--- START ---
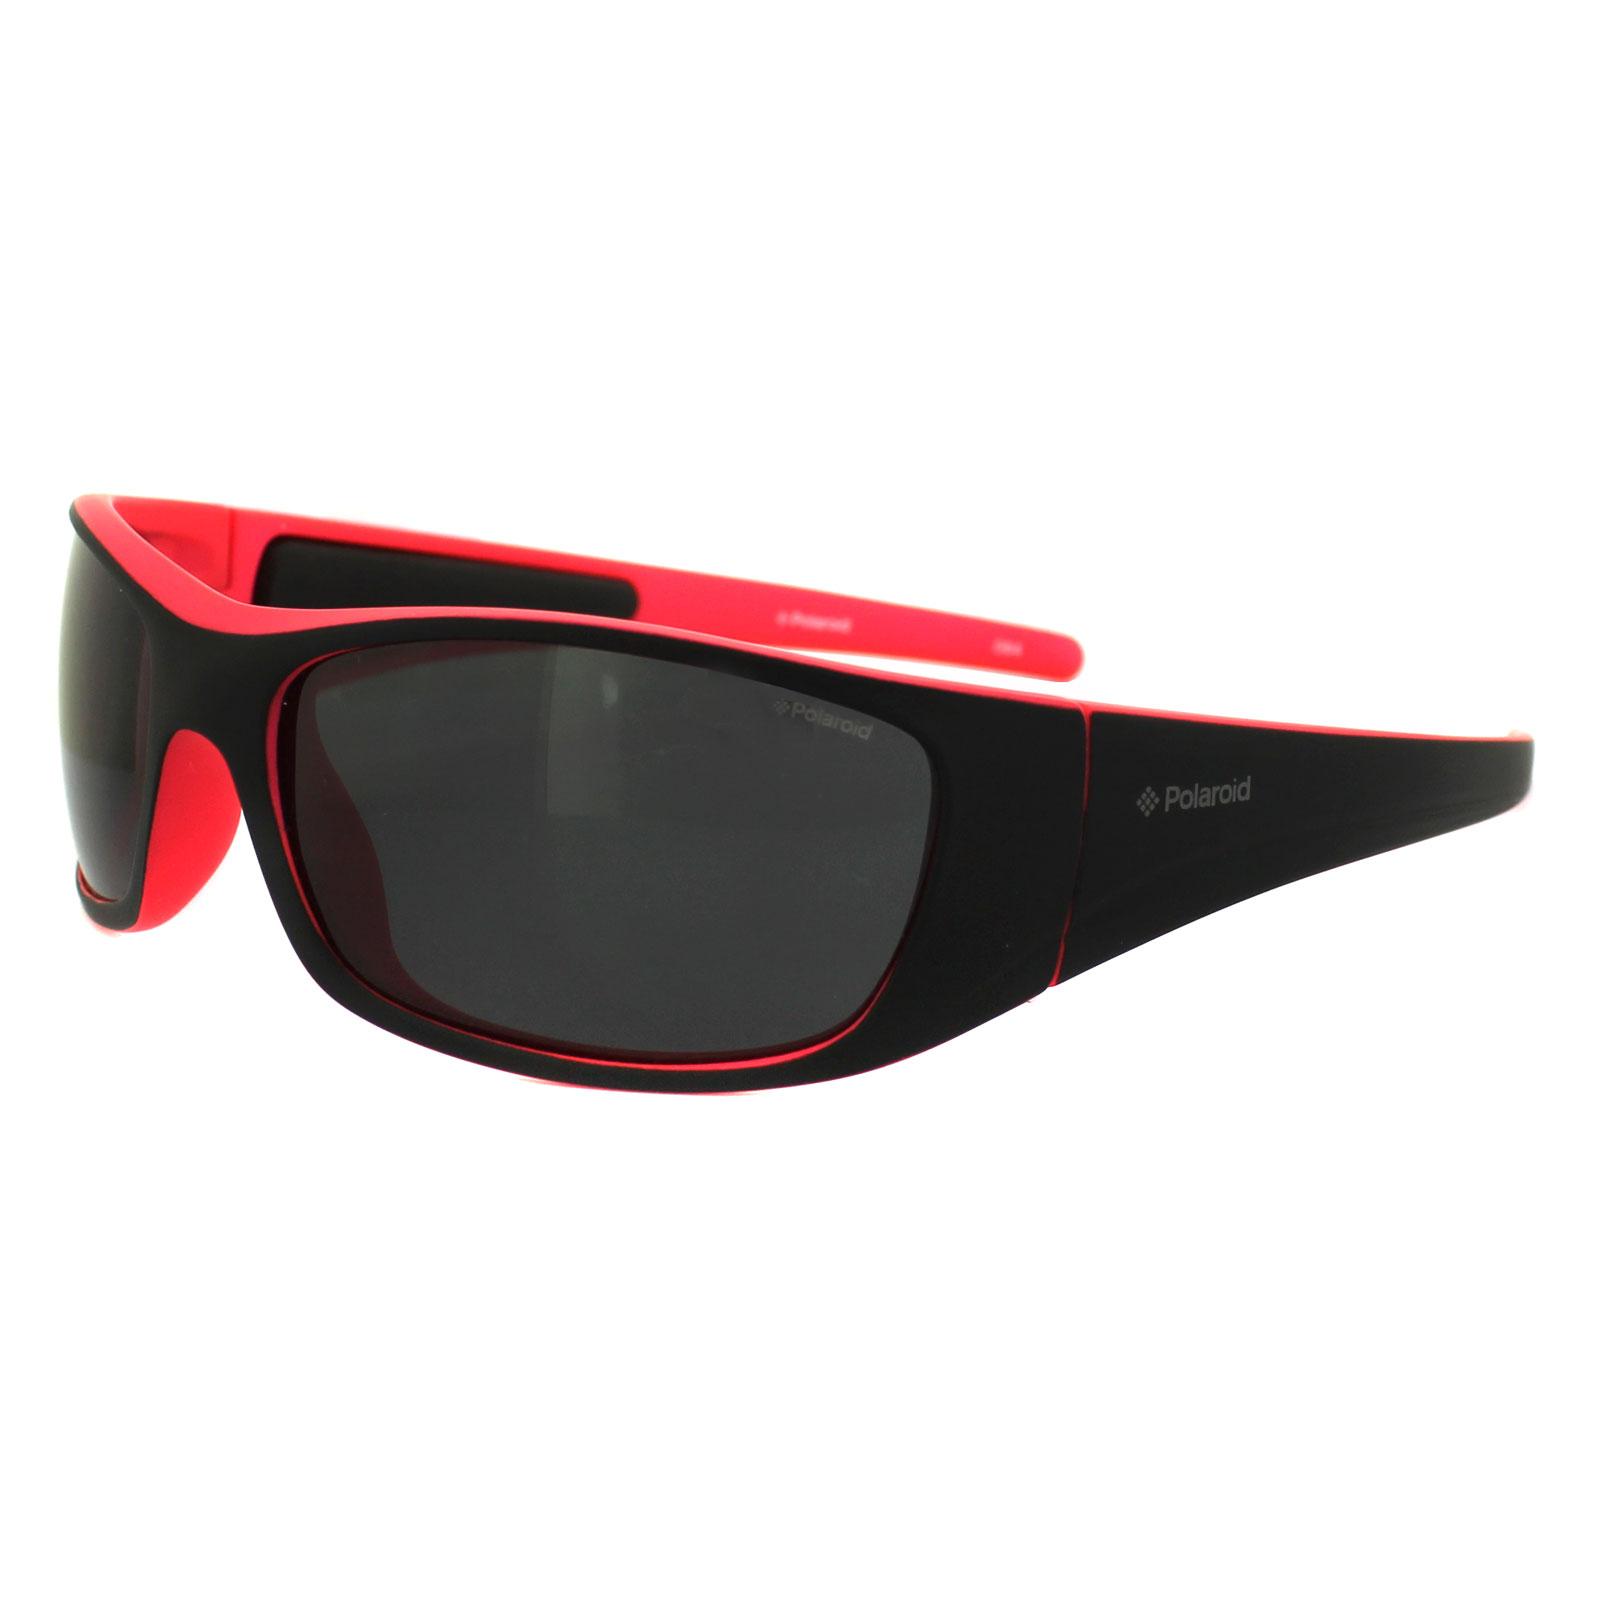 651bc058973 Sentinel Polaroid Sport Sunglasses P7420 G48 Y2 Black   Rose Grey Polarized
--- END ---
--- START ---
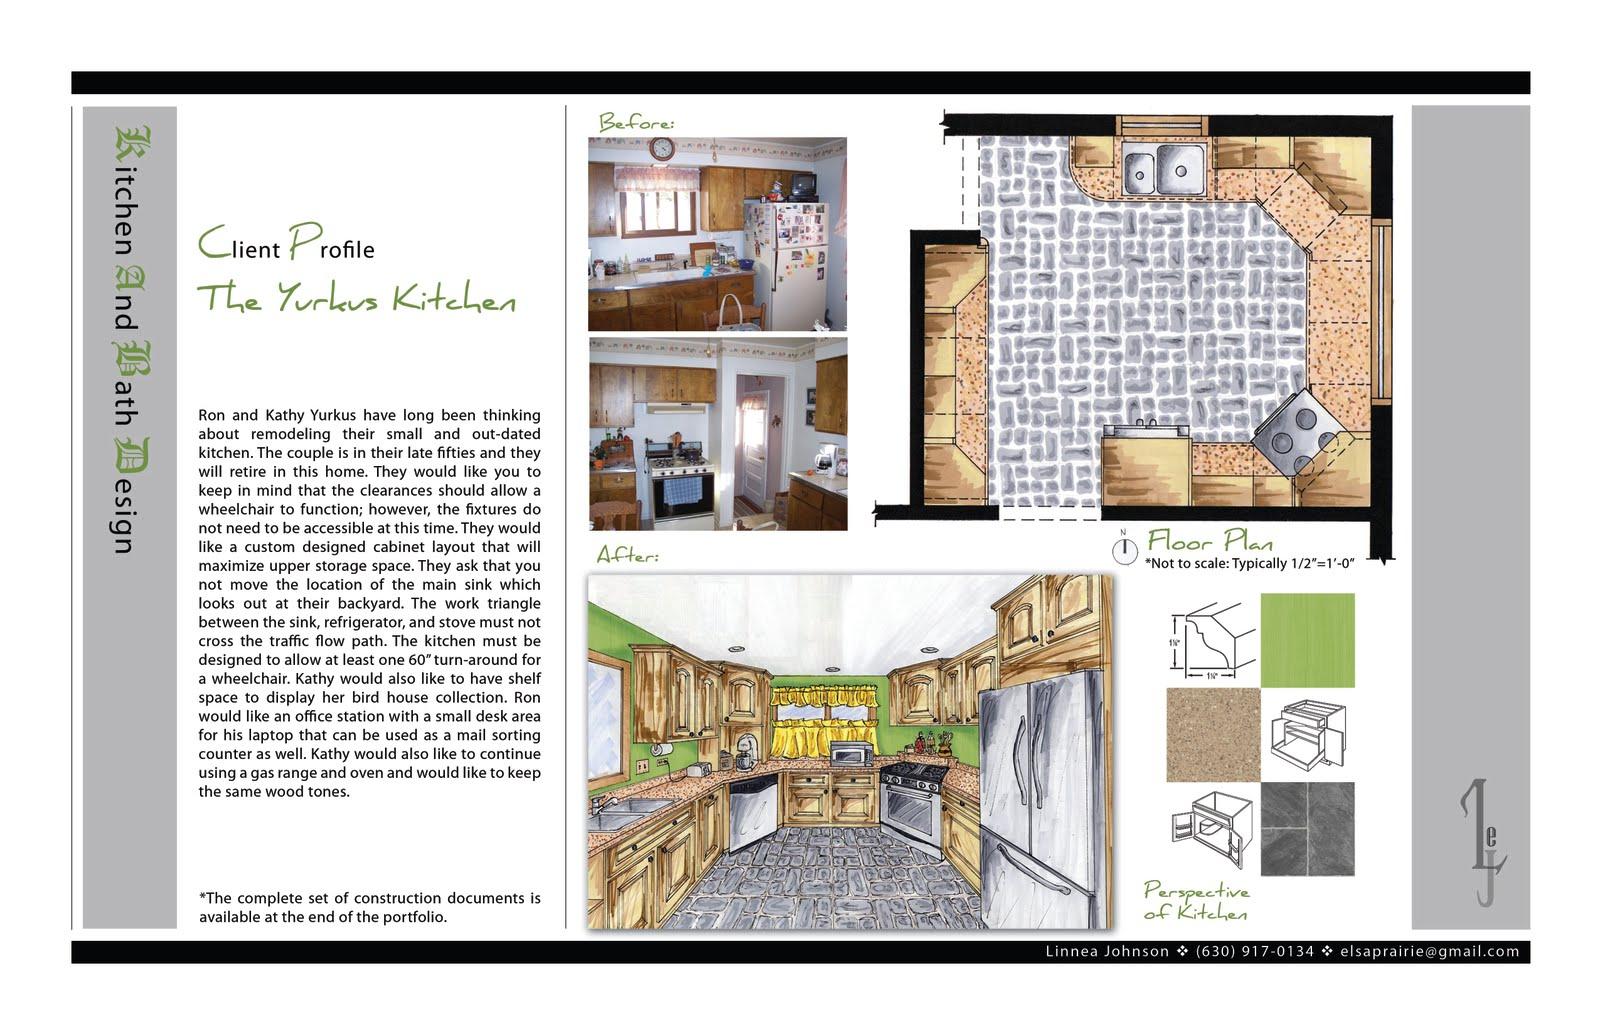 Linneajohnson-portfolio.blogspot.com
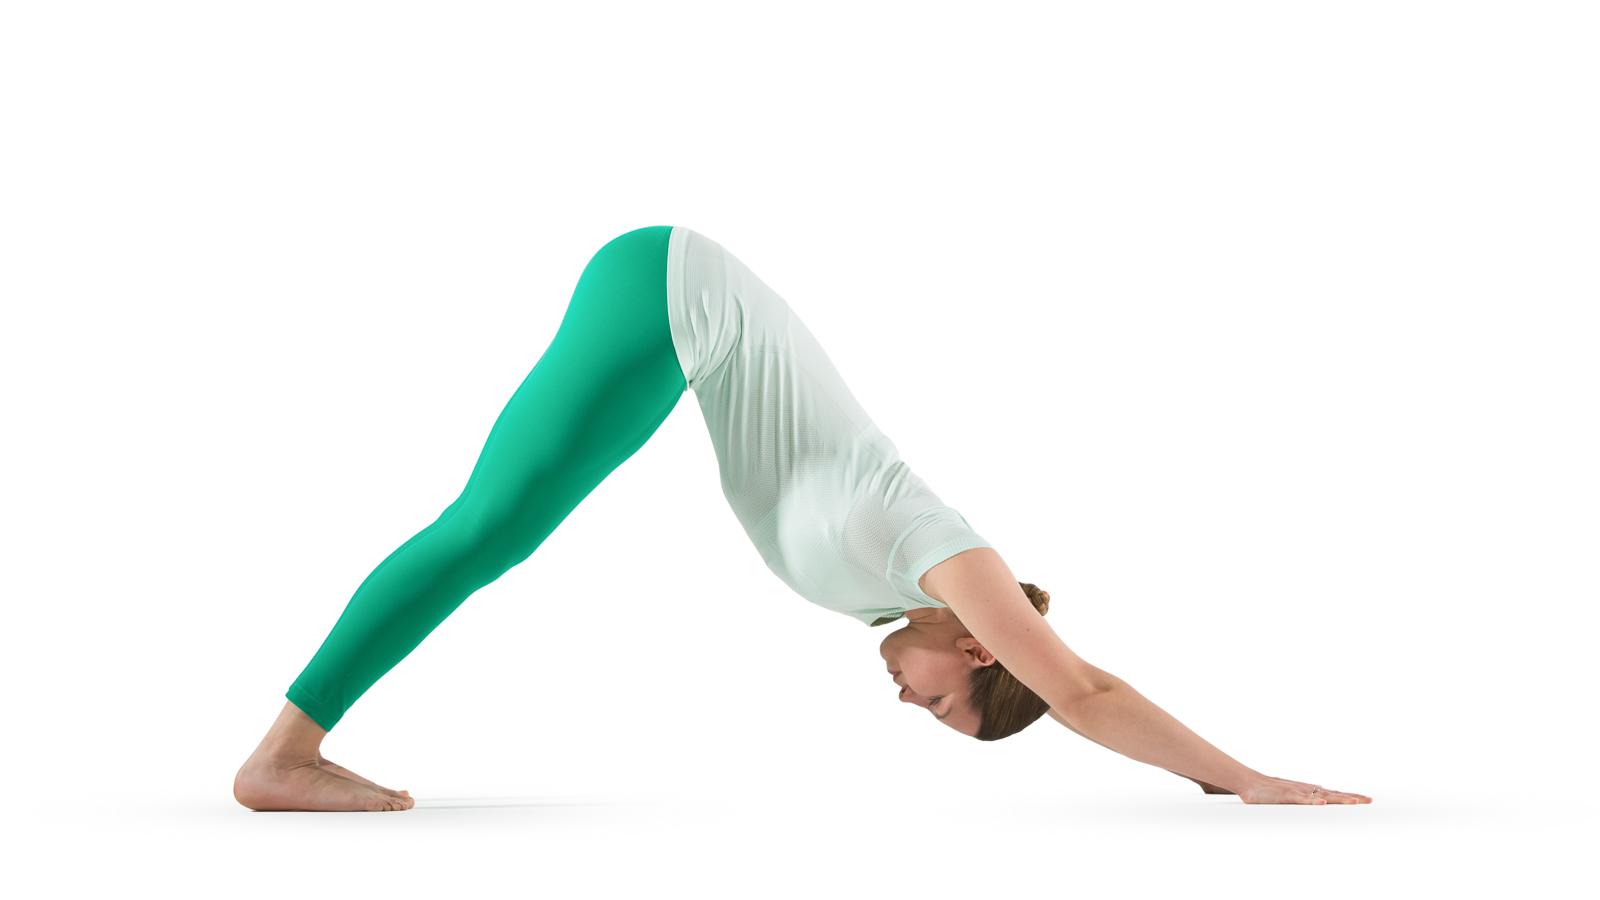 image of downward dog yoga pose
--- END ---
◆ **What you should do**
Everything from the line with "Linneajohnson-portfolio.blogspot.com" down to the line with "image of downward dog yoga pose" in the data above should be copied exactly, with both end lines kept and the pictures left out.

◆ **Response for this exercise**
 Linneajohnson-portfolio.blogspot.com
 image of downward dog yoga pose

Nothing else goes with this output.